Mlliyet Milliyet Blog Milliyet Blog
 
Facebook Connect
Blog Kategorileri
 

19 Ocak '10

 
Kategori
Güncel
 

İstanbul'a kar yağıyor.

İstanbul'a kar yağıyor.
 

Oldum olası, kar yağdığında ruhumu bir dinginlik sarar. 30 lu yaşlarıma kadar hep romantik tarafını görürdüm kar yağdığında etrafın. 30 lu yaşlardan sonra ise, işin maddi yönü hep bu keyfimi kaçırır. Tam ne güzel ortalık bembeyaz oldu desem, aklıma yakacak parası olmadığından dolayı burnu kızarmış, yanakları domates kırmızı olmuş fakir ailelerin küçük çocukları gelir gözümün önüne. Bilmiyorum evlendikten ve kızım olduktan sonramı hassaslaştım bu kadar ama o sevdiğim karın ve soğukların biran önce gitmesini beklerim bu sefer. Olsun , kar mikropları öldürür böylece hastalıklar azalır düşüncesiyle avuturum kendimi. Ama yine de o küçük ellerin , o küçük ayakların , o domates yanakların üşüdüğü düşüncesi yüreğimi sızlatır. Bu sefer de kendi kendime ve kadere kızarım , kardeşim niye benim o kadar çok param yok ki , tüm ihtiyaç sahiplerine yardım edeyim. İnşallah rabbim iyi bir zenginlik verirde , o ufaklıkların, ısındıkları zaman burunlarının aktığını , yüzlerinin güldüğünü ve o güzel gülücüklerin yüzlerinde daima kaldığını gösterir bana dünyada iken.

O yüzden yaz mevsimini daha başka severim. Çünkü yaz mevsiminde üşümek yoktur. Sıcak bir battaniye gibi sarar o ısınmış hava hepimizi. Gökyüzünün maviliği , insanın içine yeni umutlar doldurur.

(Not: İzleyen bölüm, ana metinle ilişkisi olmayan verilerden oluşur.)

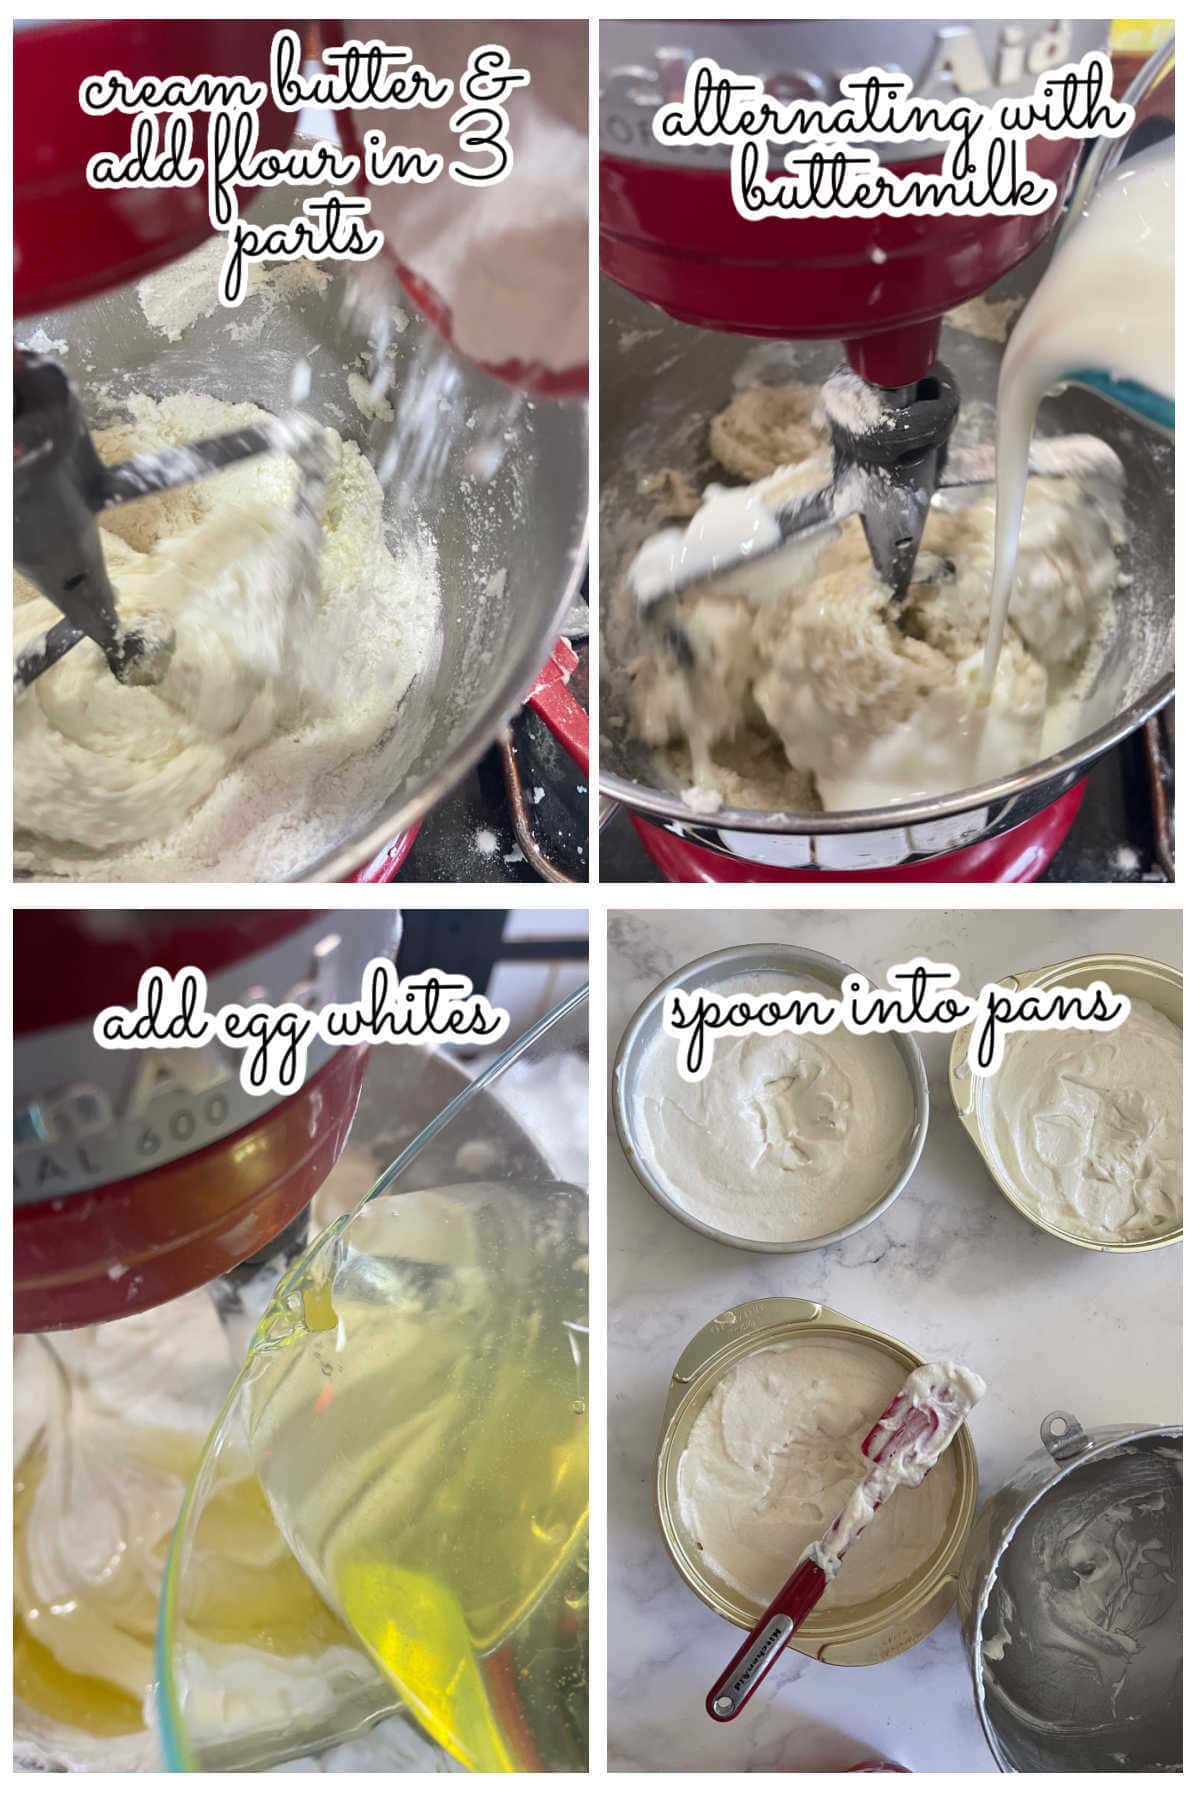 Step by step images for this recipe.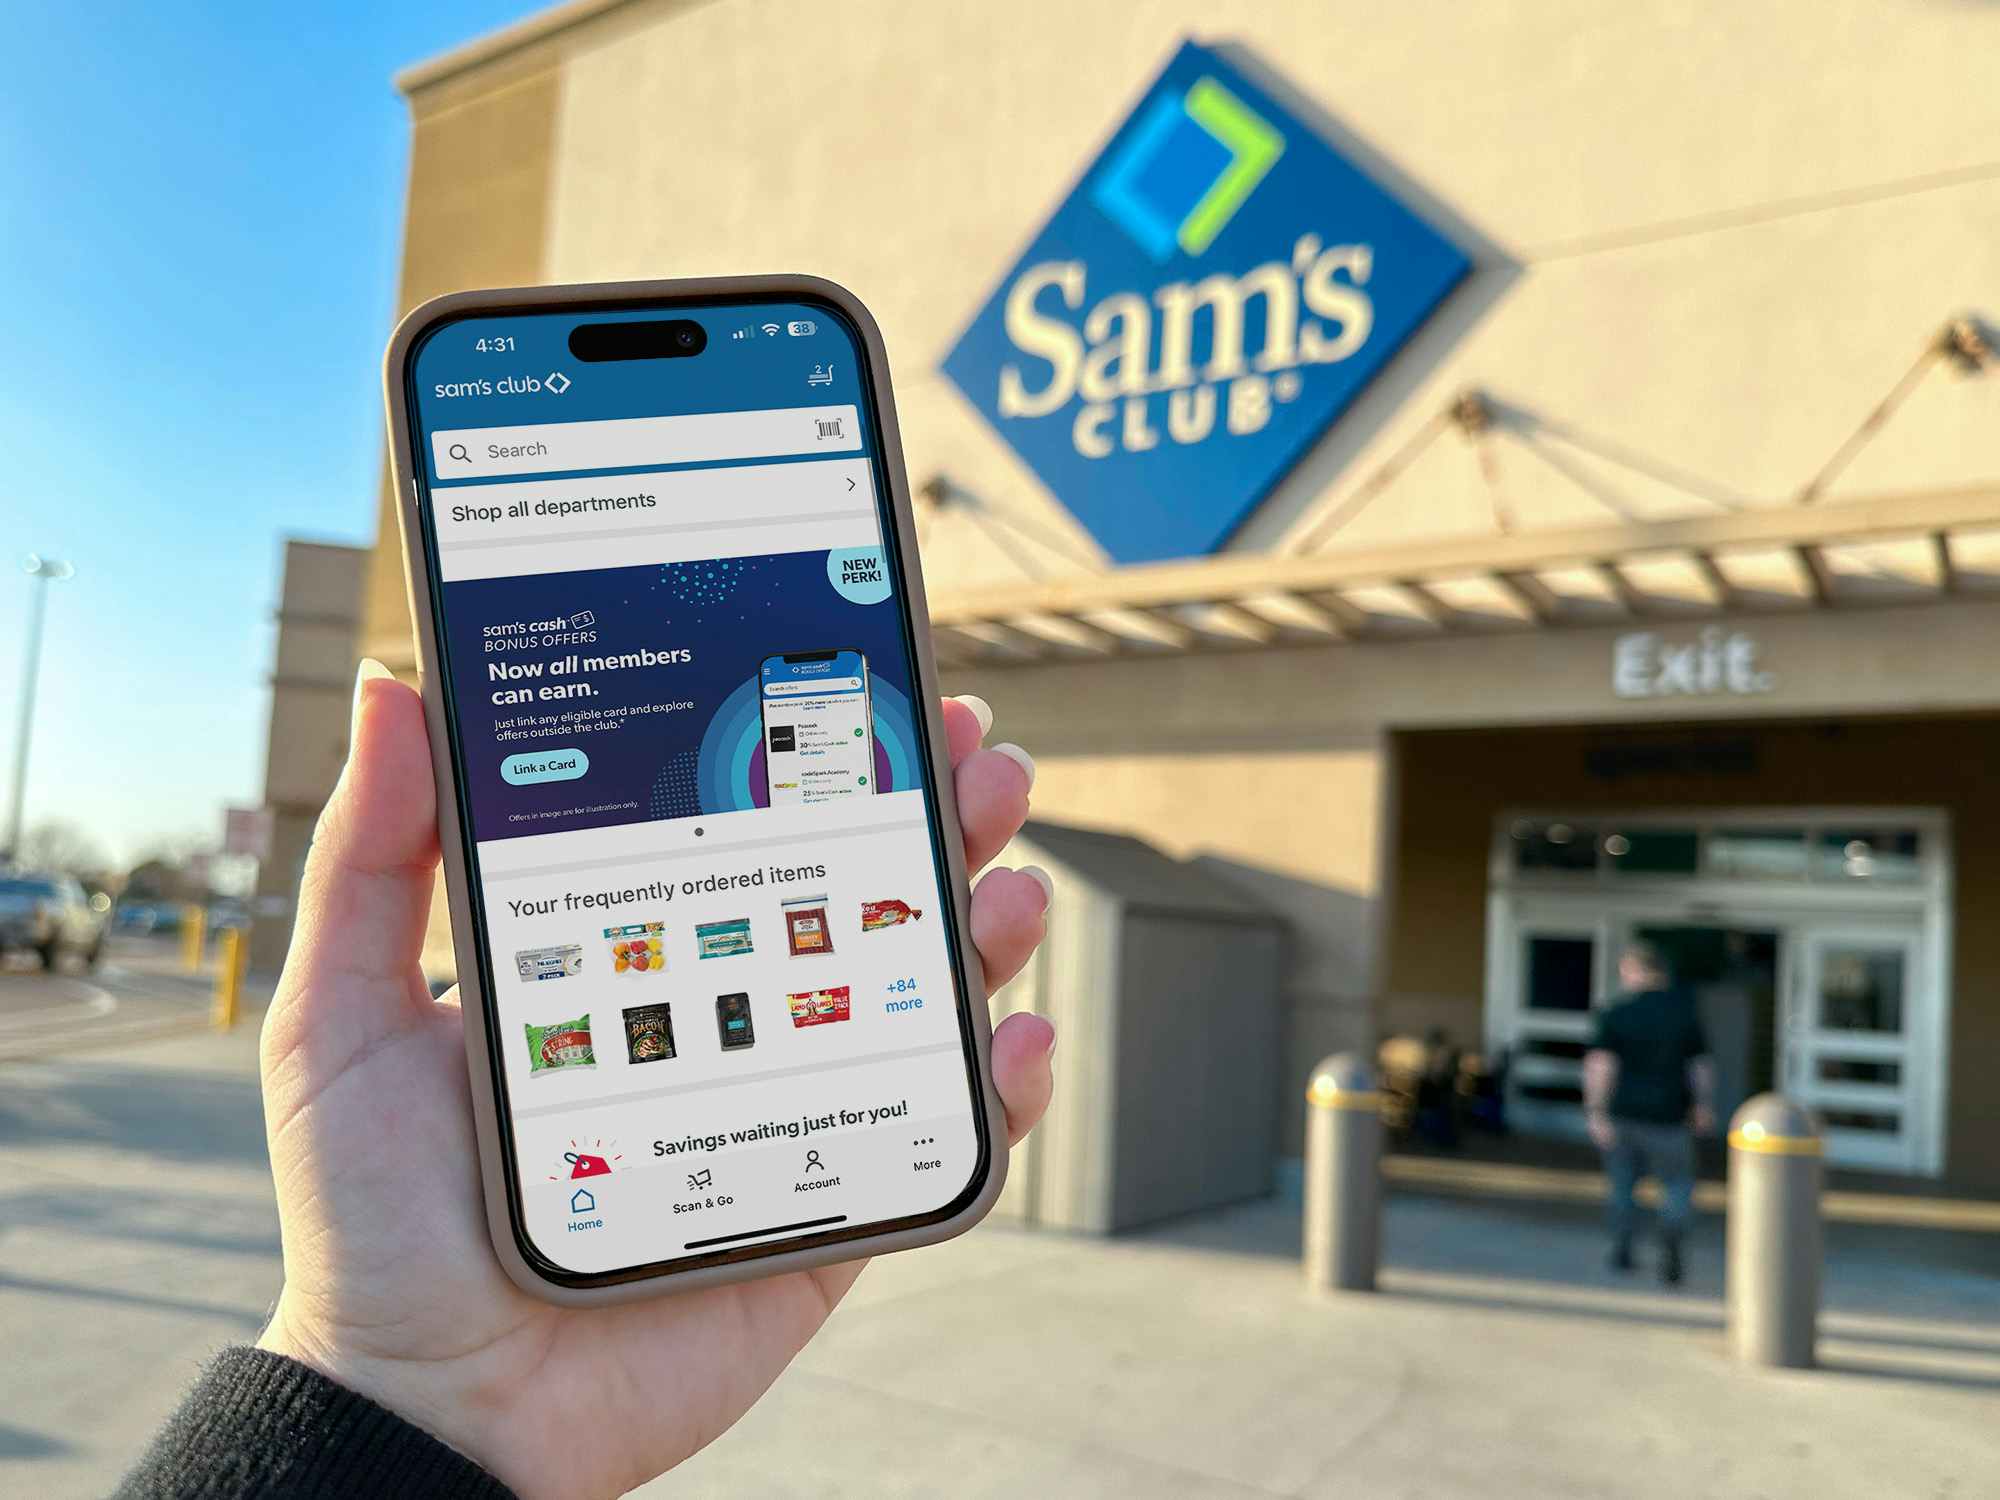 Get a 1-Year Sam's Club Membership for Only $14 — Save 72%

Yaşım 38 ve ben şimdiden bu haldeysem , Allah izin verirde 70 yaşına geldiğimde nasıl olur ruh halim bilemiyorum. Bu ruh halimi film seyrederken de maalesef üzerimden atamam. Daima oynayan karakterlerin yerine koyarım kendimi. Şimdi sen elinde mendil romantik film de seyredersin diyen sesinizi duyar gibiyim. Ama yok , fazla romantizm bayar. Tıpkı aşırı şekerli reçel gibi. Dün akşam bir savaş filmi seyrettim. Film amerikan yapımı , Irak savaşı ile ilgili bir yapımdı. Irak'tan Amerika'ya gelen askerlerin ruh hali üzerine. Orada bir sahne vardı. Amerikaya dönen ve tekrar Irak'a gönderilmek istenen ama gitmek istemeyen bir askerin yaşadığı bir anıyı canlandırmışlardı. Irak'ta bir baskında , odaları araştıran askerler , yan odadan hızla çıkan ve bir elinde kalaşnikof olan ve diğer elinde kucağında 3-4 yaşlarında çocuğu olan bir adamla karşılaştılar. Bir an hepsi dona kaldı ama kucağında çocuk olan adam , çocuğu tuttuğu elindeki el bombasını askerler doğru atıp , diğer eliyle de kalaşnikofla ateş açmaya başladı. Sonuç hüsran.Adam öldü. Çocuğu öldü ve bir Amerikan askeri öldü. Zaten askerde bu anısından dolayı gitmek istemiyordu Irak'a yeniden.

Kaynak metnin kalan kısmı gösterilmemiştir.